- [DATA BELOW]:
----------
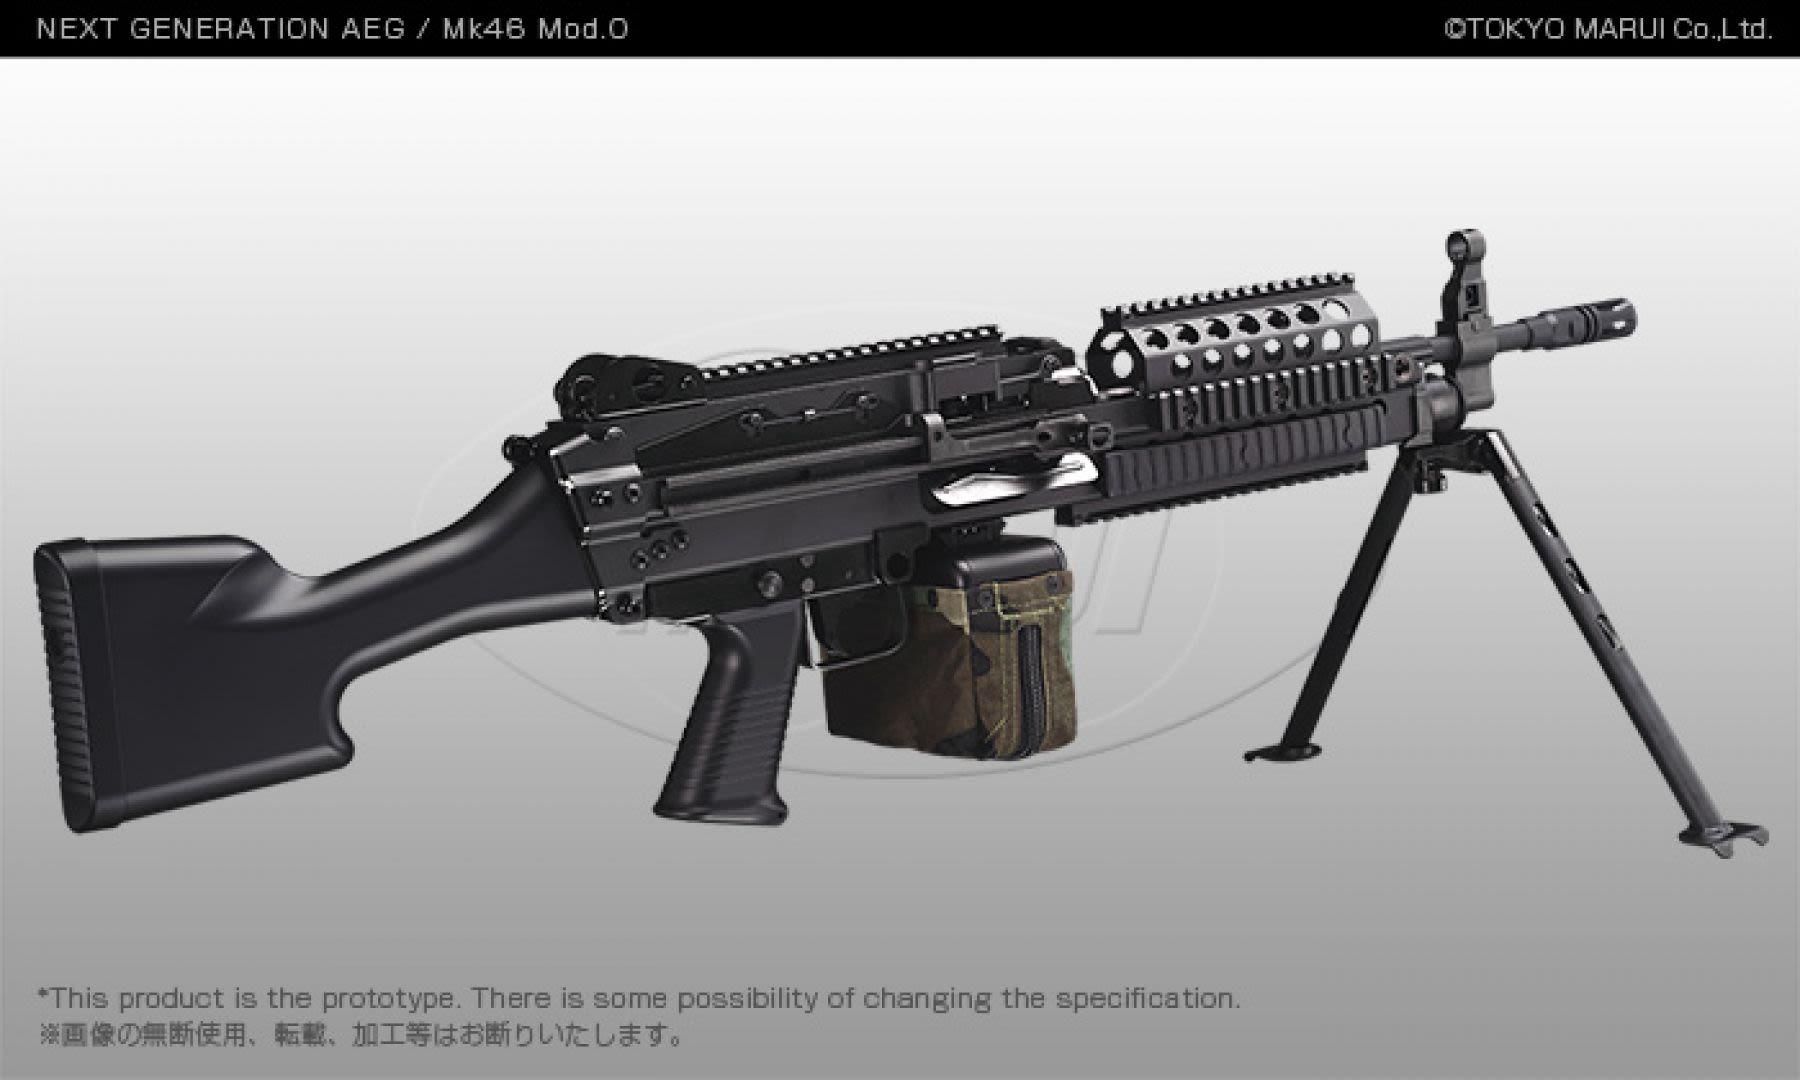 Mk 46 Mod.0 Minimi TM
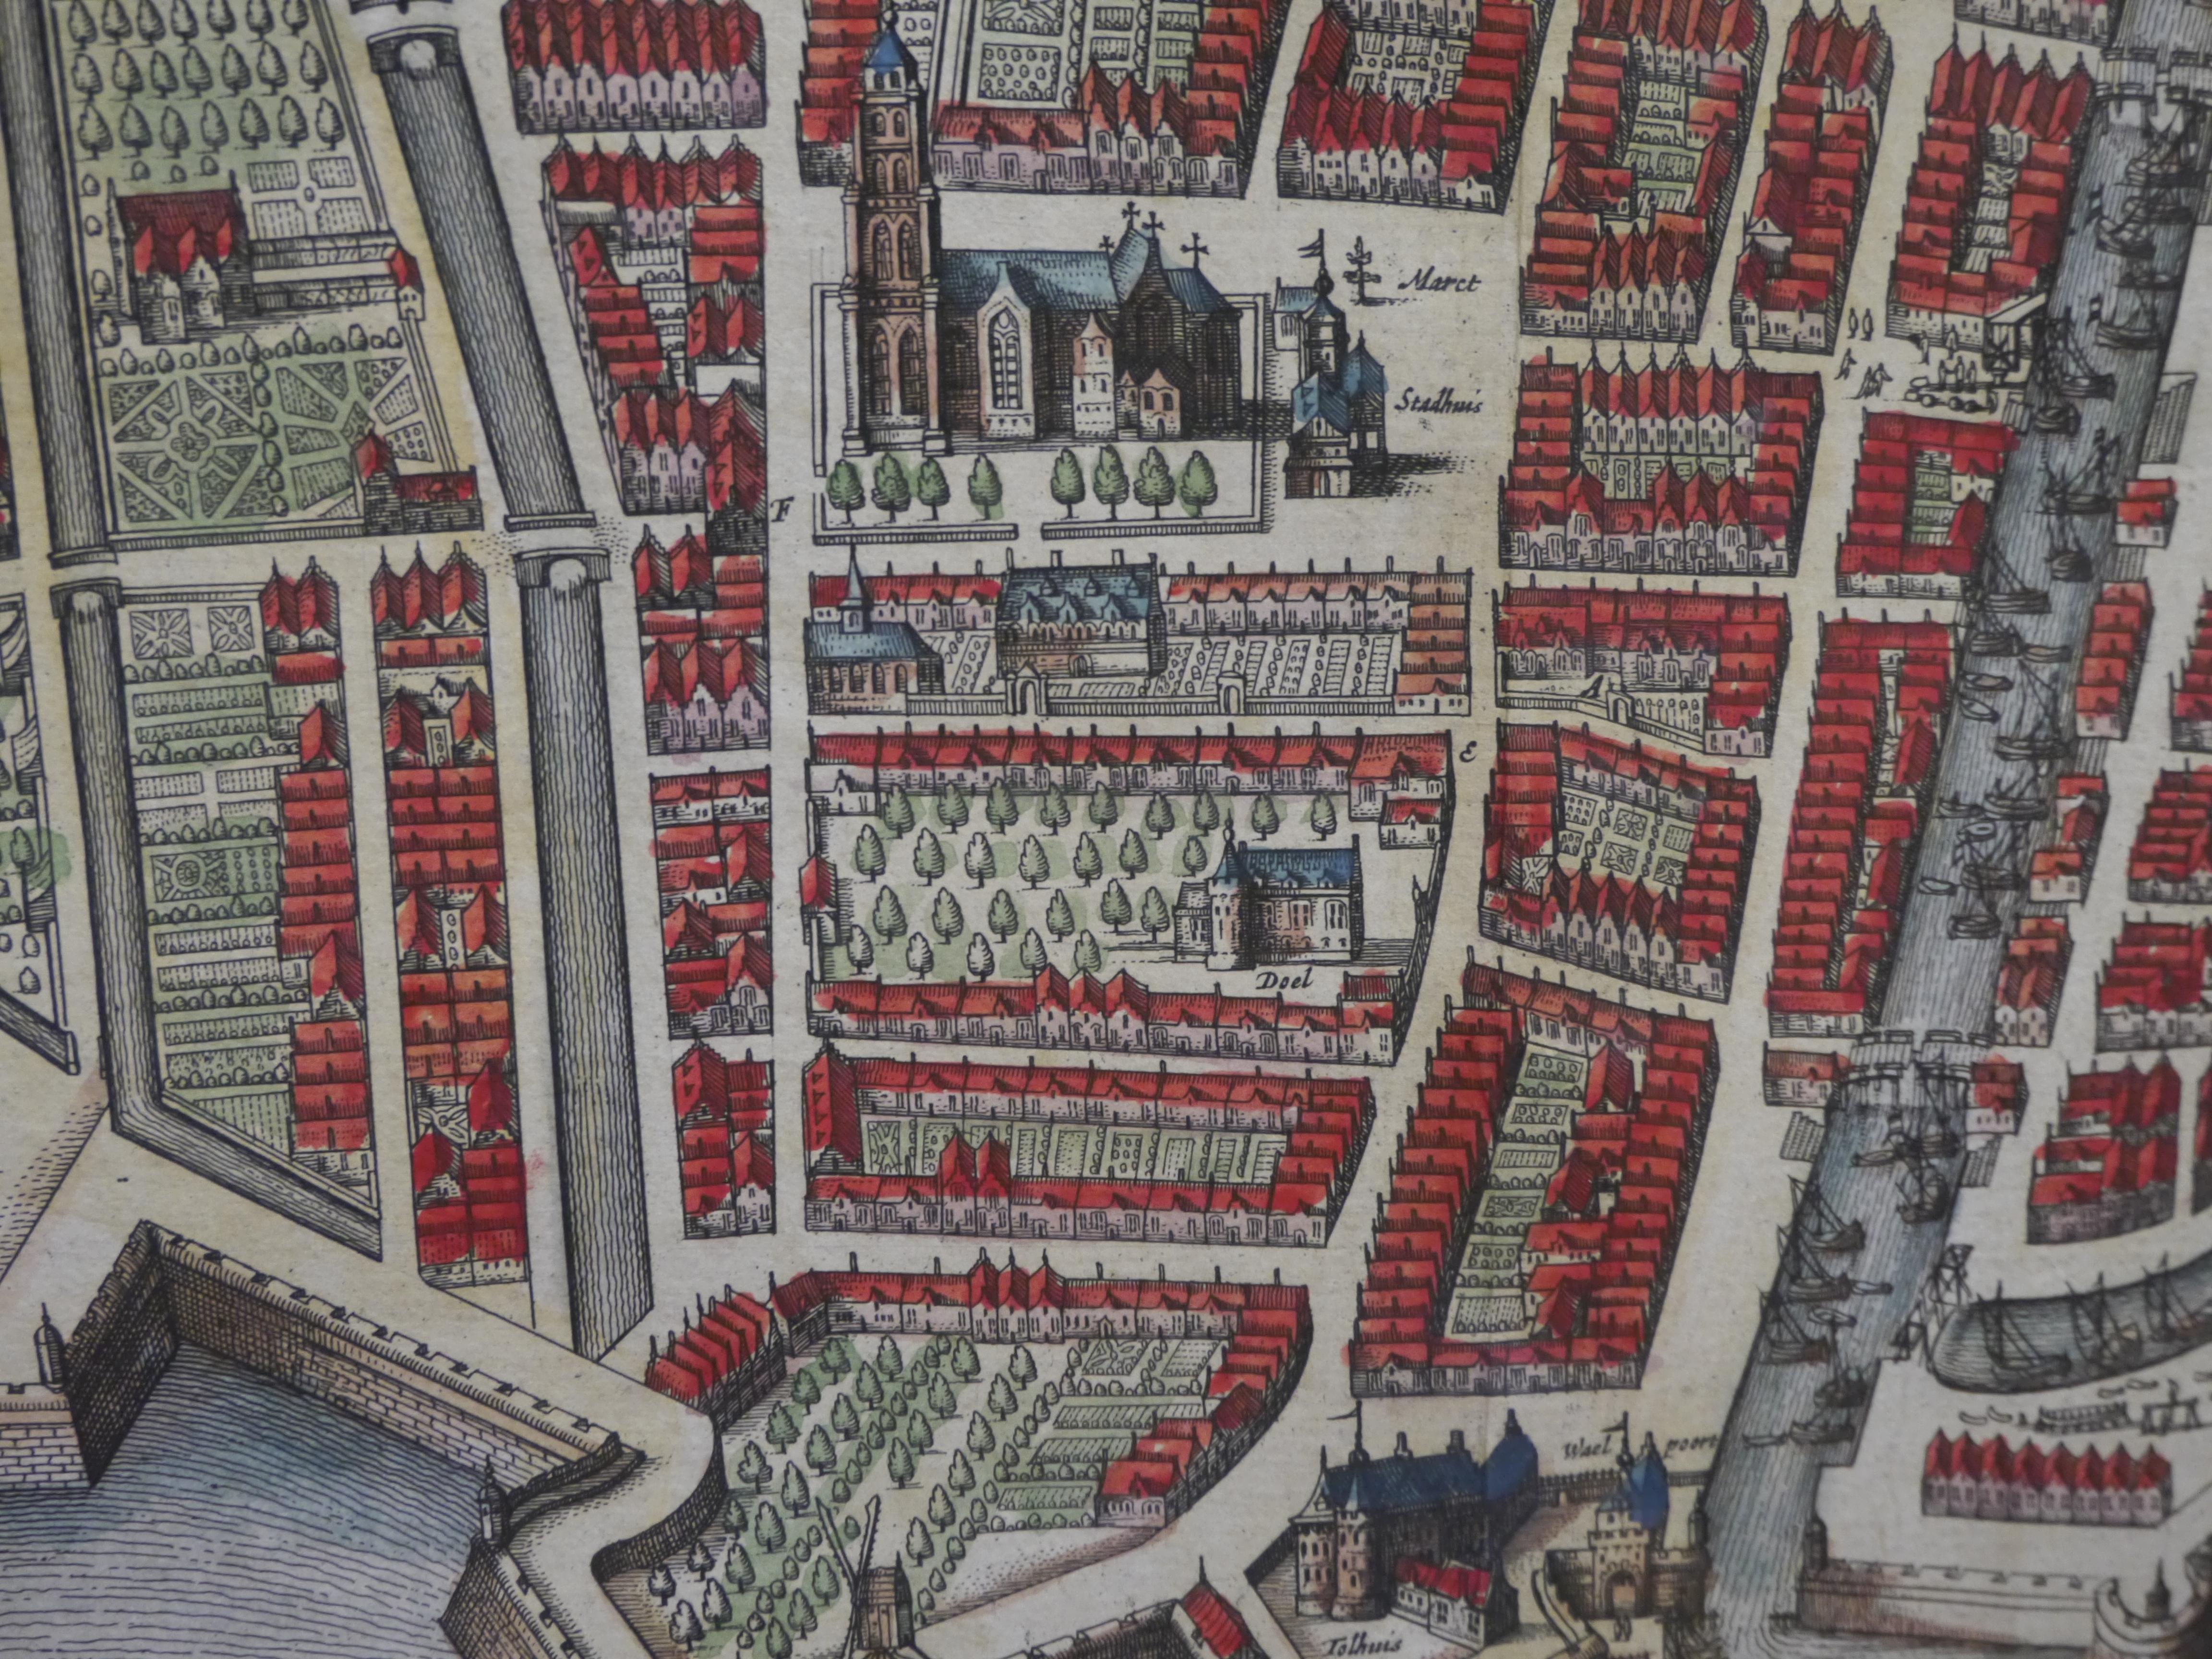 22_detail_plattegrond_van_gorcum_met_doelen_en_doelentuin_museum_gorinchem
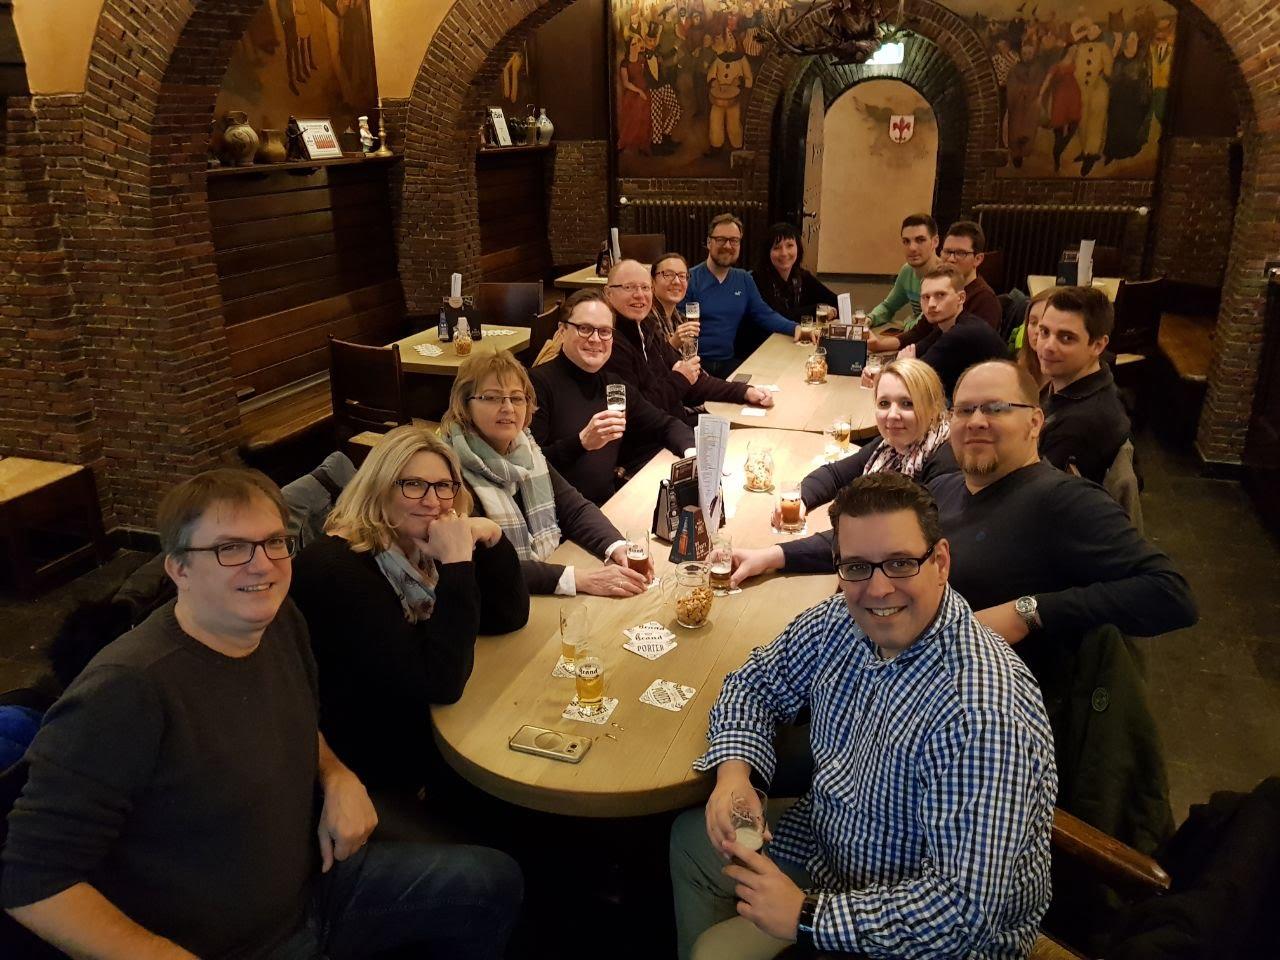 Brauereiausflug zu Brand-Bier Herbst 2017
----------
- [WORK ORDER]: Set down every line above exactly, pictures excluded.

- [TASK RESULT]:
 Mk 46 Mod.0 Minimi TM
 22_detail_plattegrond_van_gorcum_met_doelen_en_doelentuin_museum_gorinchem
 Brauereiausflug zu Brand-Bier Herbst 2017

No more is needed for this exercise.